There are so many things that make life worth living - and honestly, most are pretty darn simple. Here's my list (I just love lists!) of some of mine:

-Never-ending conversations with a good friend
-Finding the silver lining in every scenario
-Looking for the good in people, even when they're... well, nasty
-Laughing out loud in a movie theatre, even when no one else is
-Smiling at someone as you walk by and getting a smile in return
-Meeting a new friend
-Making muffins to procrastinate writing a paper. Not that I've ever done this...
-Wine and chocolate. Delicious.
-Having a "realization" about something
-Sharing a pot of tea with a friend
-Hugs
-Laughing at yourself, ha!
-telling stories
-listening to stories
-random compliments
-answered prayer

:) Happy Valentines Day everyone!

Friday, February 4, 2011

On What Matters Most

These past few days, I've been really assessing what matters most in my life. Is it my school work? Is it the campaigns and social justice groups I'm in? Is it anything at all to do with me?

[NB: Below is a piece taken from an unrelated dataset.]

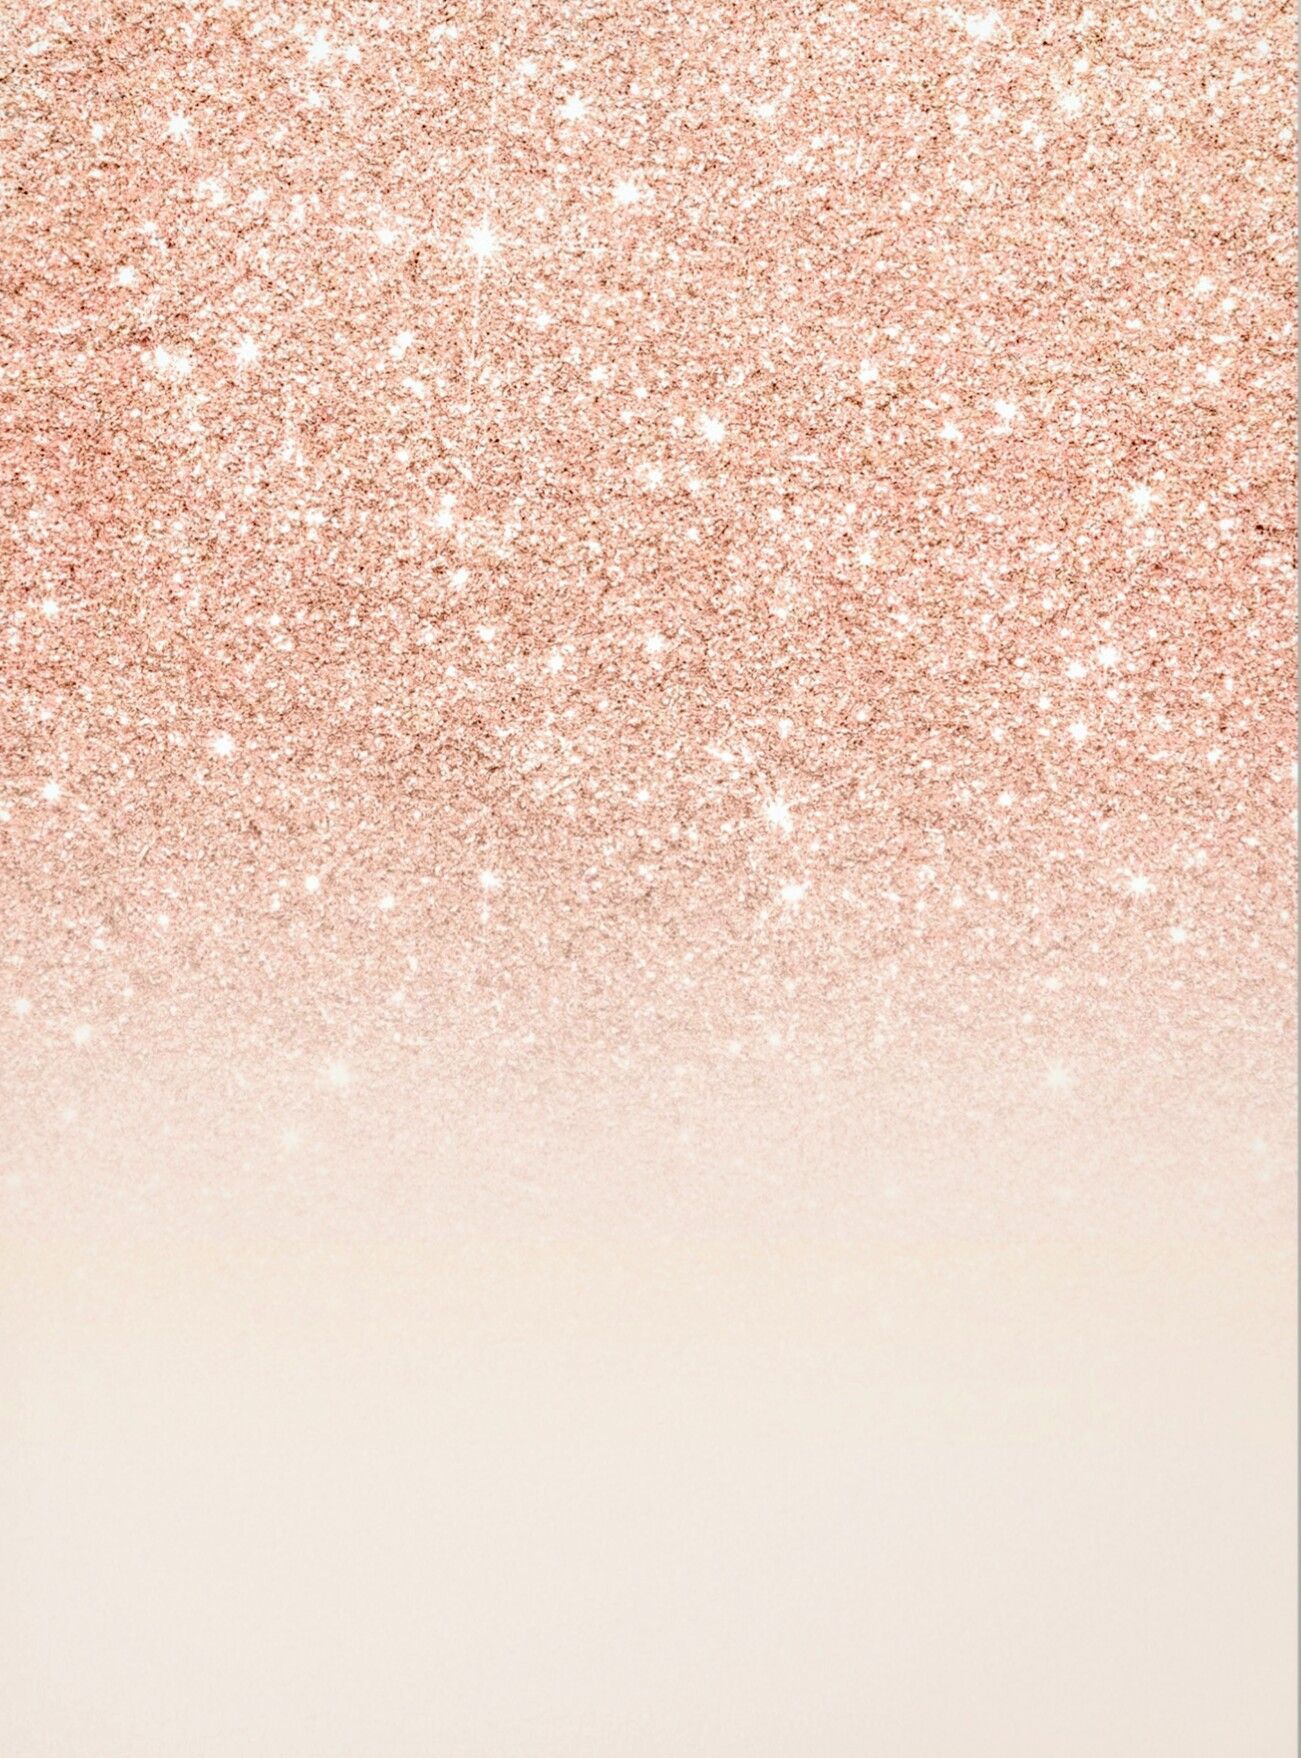  Glitzer Rosegold Hintergrundbild 1301x1758. Cute Rose Gold Glitter Wallpaper

Hmmm... (i'm literally assessing these questions as I sit here). I guess - no. Despite the fact that I live my life in such a way that I end up so involved that I barely have a minute to spare for friends, I actually think that it's better not to live like that. Well some might see getting involved and 'being active in the community' as a grand and noble venture, I often have to ask myself what is more important - a group movement towards building schools in a country far away, or ending a contract with a mass murderer of a corporation, or actually looking at the person next to you and saying "You are valuable to me. You are worth my time. You are important for who you are right now, at this moment." While the first is definitely important, I think the second is even moreso. In fact, I don't think the first is possible without the second - I wouldn't be doing everything I do without the encouragement of the people around me. I couldn't do it - I would just get depressed by failure after failure and give up.

But it's the relationships with the people closest to you, those moments where you get to see another person's heart and say "You are immensely precious," where you've truely made an impact. Direct connection is key.

Let's make our time purposeful, in more way than one.